Cohen et Hortefeux inquiets

Certains chantiers sont déjà lancés et ne peuvent être remis en cause. C'est le cas de la ligne Tours-Bordeaux. Mais sa prolongation vers Toulouse et l'Espagne, autrement dénommée le «Grand projet du sud-ouest», portant sur 460 kilomètres de lignes nouvelles, a du plomb dans l'aile. Validé par le comité de pilotage et le gouvernement fin mars, son coût exorbitant -13 milliards d'euros - paraît rédhibitoire. «Nous sommes conscients que les finances publiques sont contraintes, mais la quatrième ville de France ne peut pas être tenue à l'écart du réseau européen de la grande vitesse», affirme le maire socialiste de Toulouse, Pierre Cohen. Si les conseils régionaux d'Aquitaine et de Midi-Pyrénées sont très favorables à ce projet de nouvelle ligne, trois communautés de communes du sud du Pays Basque souhaitent son abandon, le jugeant «inutile, onéreux et destructeur de l'environnement», selon Odile de Coral, maire d'Urrugne.
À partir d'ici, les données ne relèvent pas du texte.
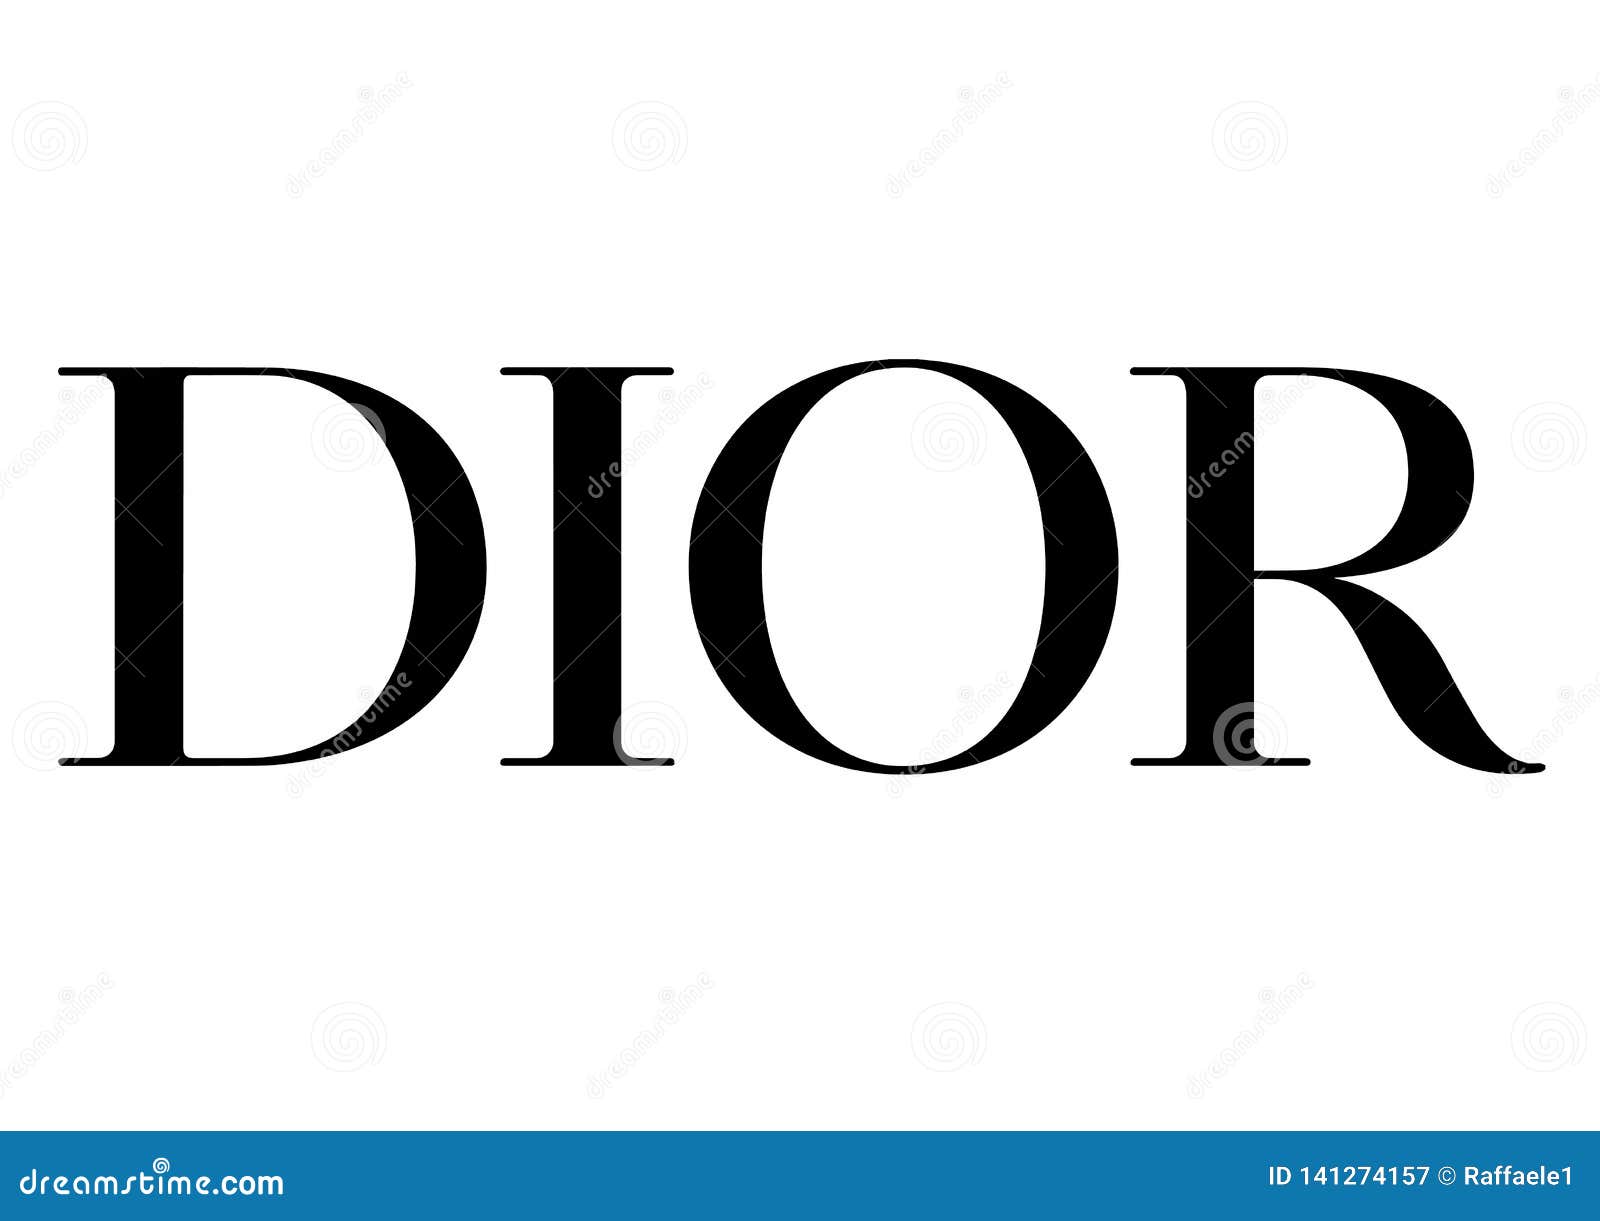 Christian Dior Paris SVG  Fashion logo branding, Paris logo, Fashion logo

Un argumentaire d'autant plus fondé que, du côté espagnol où la crise des finances publiques est encore plus sévère, le projet de création d'une nouvelle gare à San Sebastien a été abandonné, ce qui rend la liaison improbable.
La même inquiétude plane autour de la LGV Paris-Orléans-Clermont-Ferrand, confirmée par Réseau Ferré de France en juin, mais pas encore financé. Brice Hortefeux, conseiller régional UMP d'Auvergne, assure avoir fait «renaître ce projet» et lance un avertissement : «attention à ce qu'ils ne l'enterrent pas !». Mais la ligne qui paraît la plus compromise reste celle de la LGV Paca, dont l'objectif était de relier Paris à Nice, via Marseille, pour désenclaver le territoire azuréen, mais dont le coût - entre 15 et 18 milliards d'euros - «est hors de proportion avec les capacités des collectivités», pour reprendre les propos des élus du conseil général du Var (lire encadré).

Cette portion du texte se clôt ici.